Uma crença disseminada faz de Safo uma personagem mítica a quem os gregos antigos teriam atribuído a origem do amor entre mulheres. O que é um mito moderno.

Safo existiu: é uma poeta grega que viveu na Ilha de Lesbos entre o final do século VII e o início do século VI a.C. Nascida em uma família importante, mulher culta e célebre, ela tinha um lugar na vida política e cultural da cidade de Mitilene. Os fragmentos dos poemas que nos chegaram nos permitem mensurar a importância do seu renome desde a Antiguidade.

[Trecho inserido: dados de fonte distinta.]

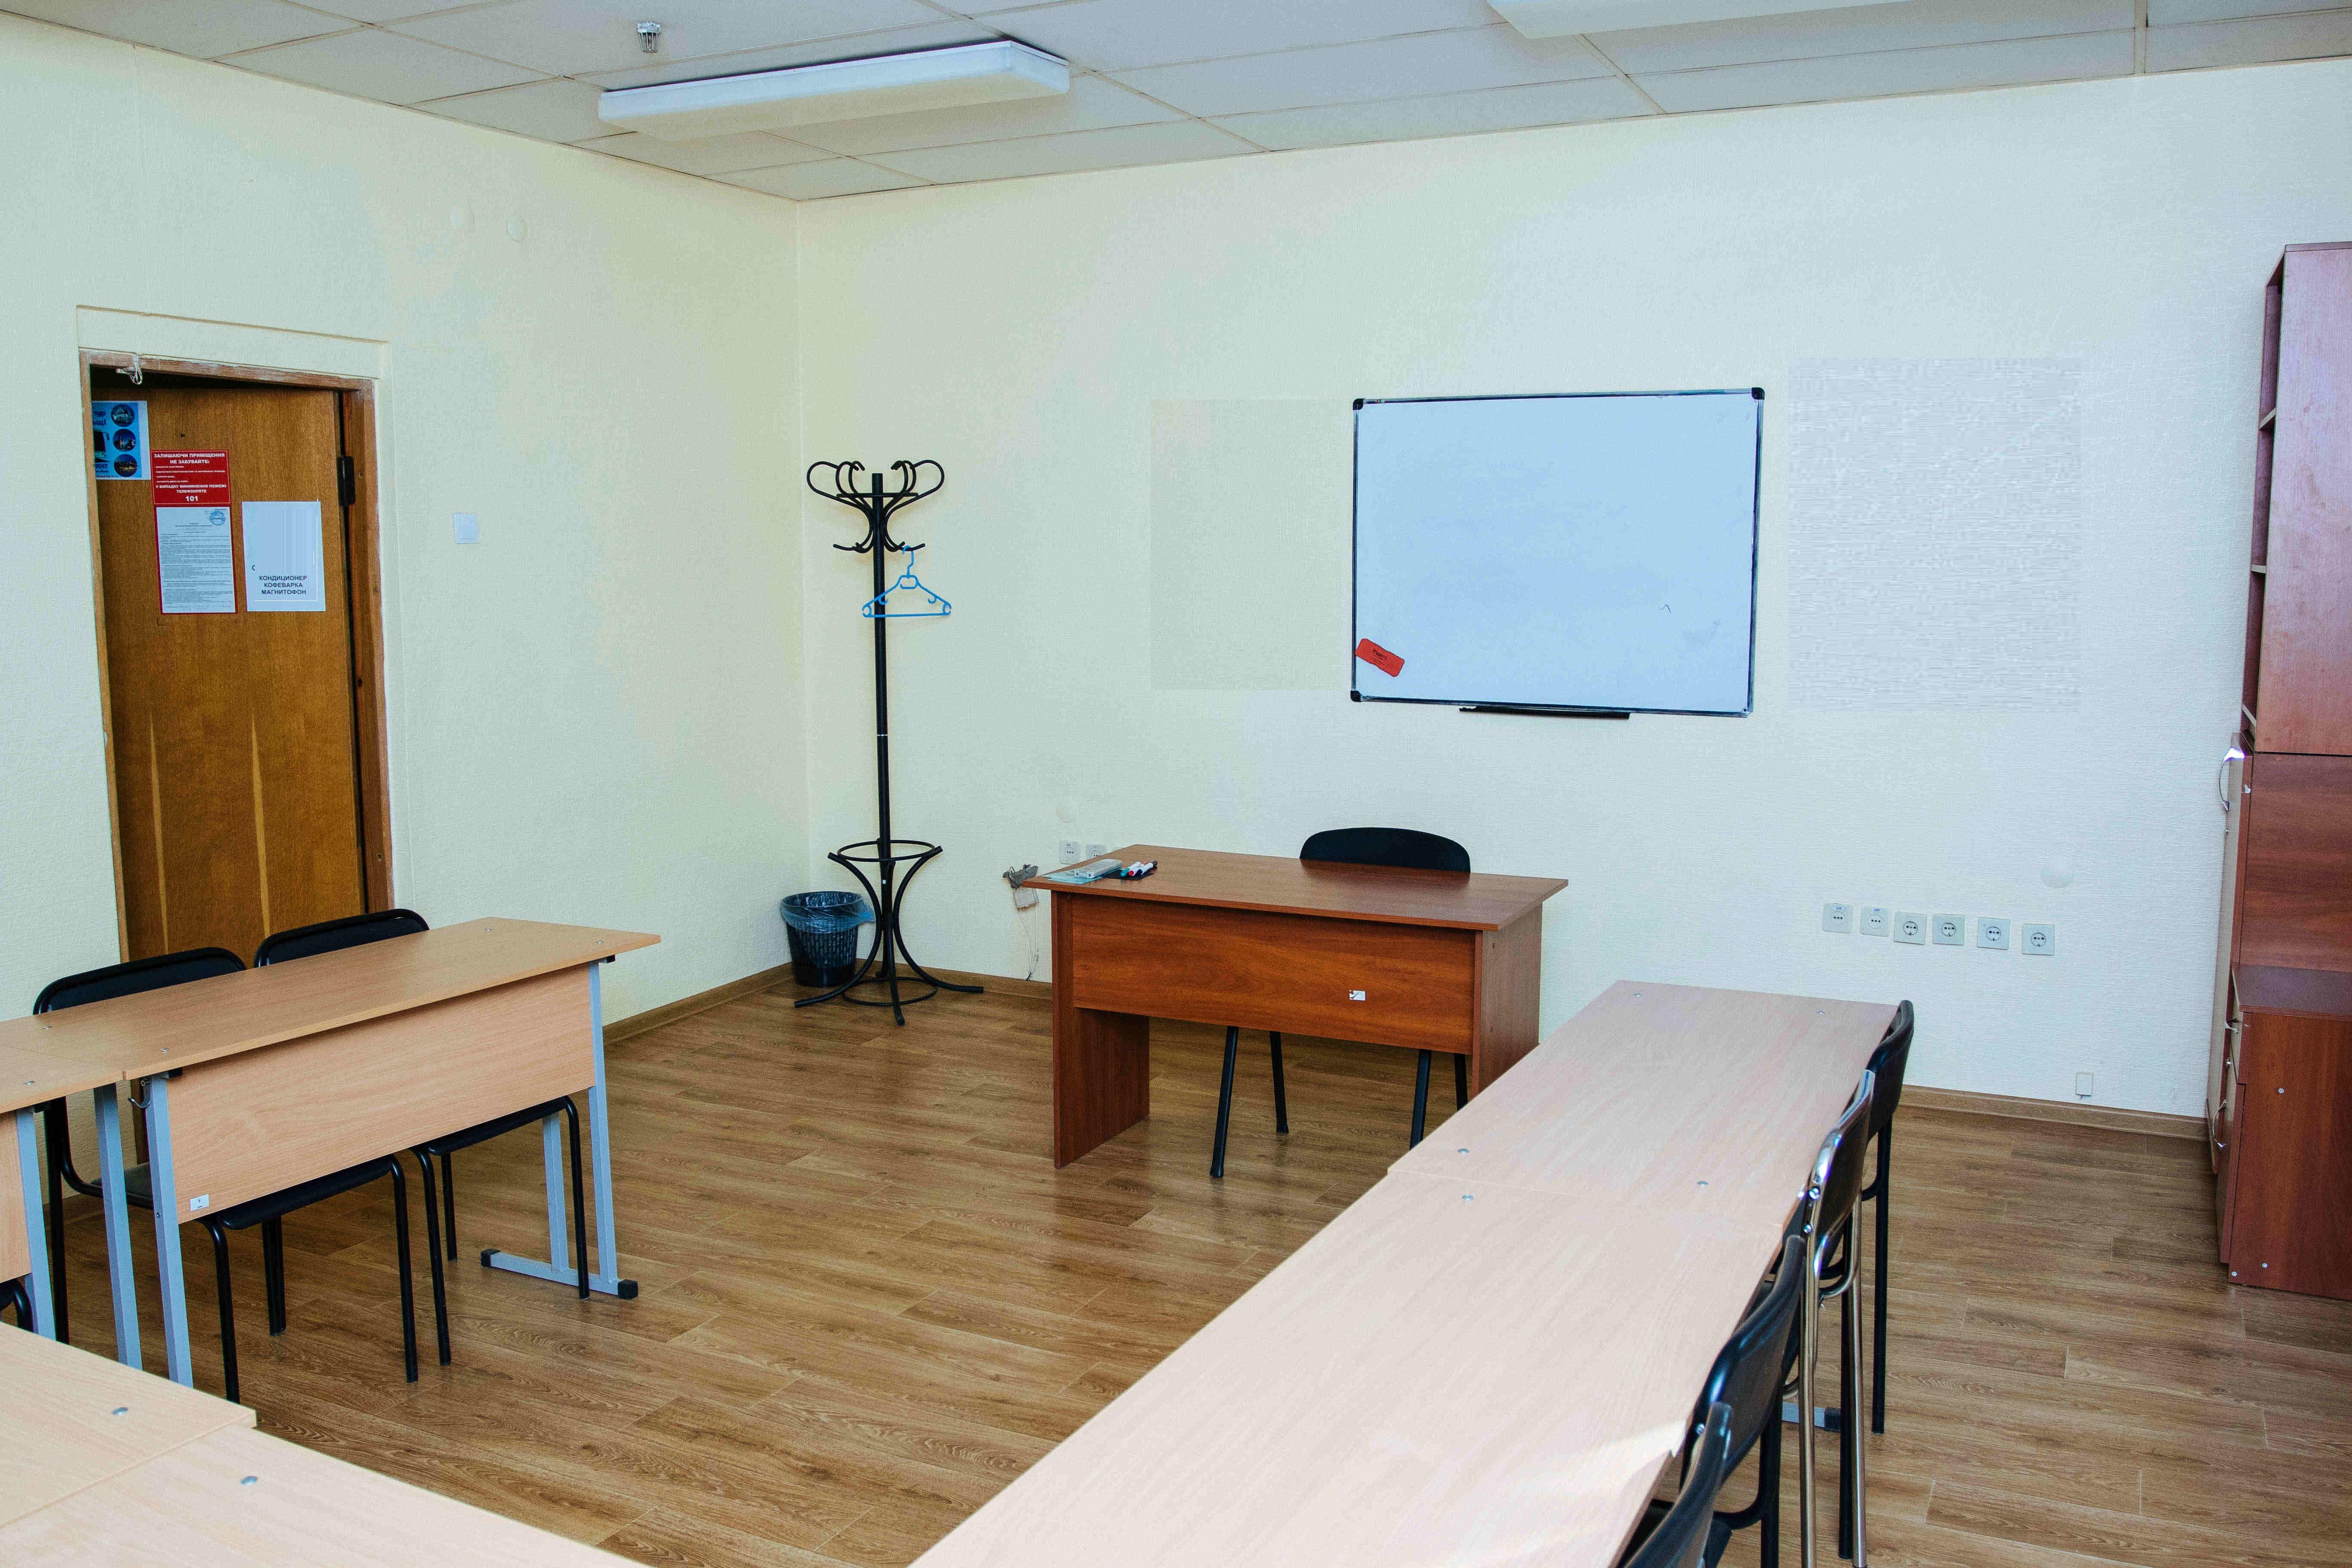 Офісні приміщення в центральній частині м. Києва площею 320,3 кв. м

Na maioria de suas composições, destinadas a serem cantadas por ela mesma ou por um grupo de jovens mulheres, Safo faz falar um “eu” no feminino que evoca um amor, passado ou vindouro, por uma mulher. A lenda segundo a qual ela teria se jogado da rocha de Lêucade por amor a um jovem rapaz é uma invenção do poeta latino do século I, Ovídio, que atribui a Safo uma carta (fictícia) de amor a Fáon (Heroides, XV). Texto que, bem mais tarde, inspirou pintores e poetas românticos, dando início à lenda de uma Safo lésbica, mulher maldita, louca ou doente.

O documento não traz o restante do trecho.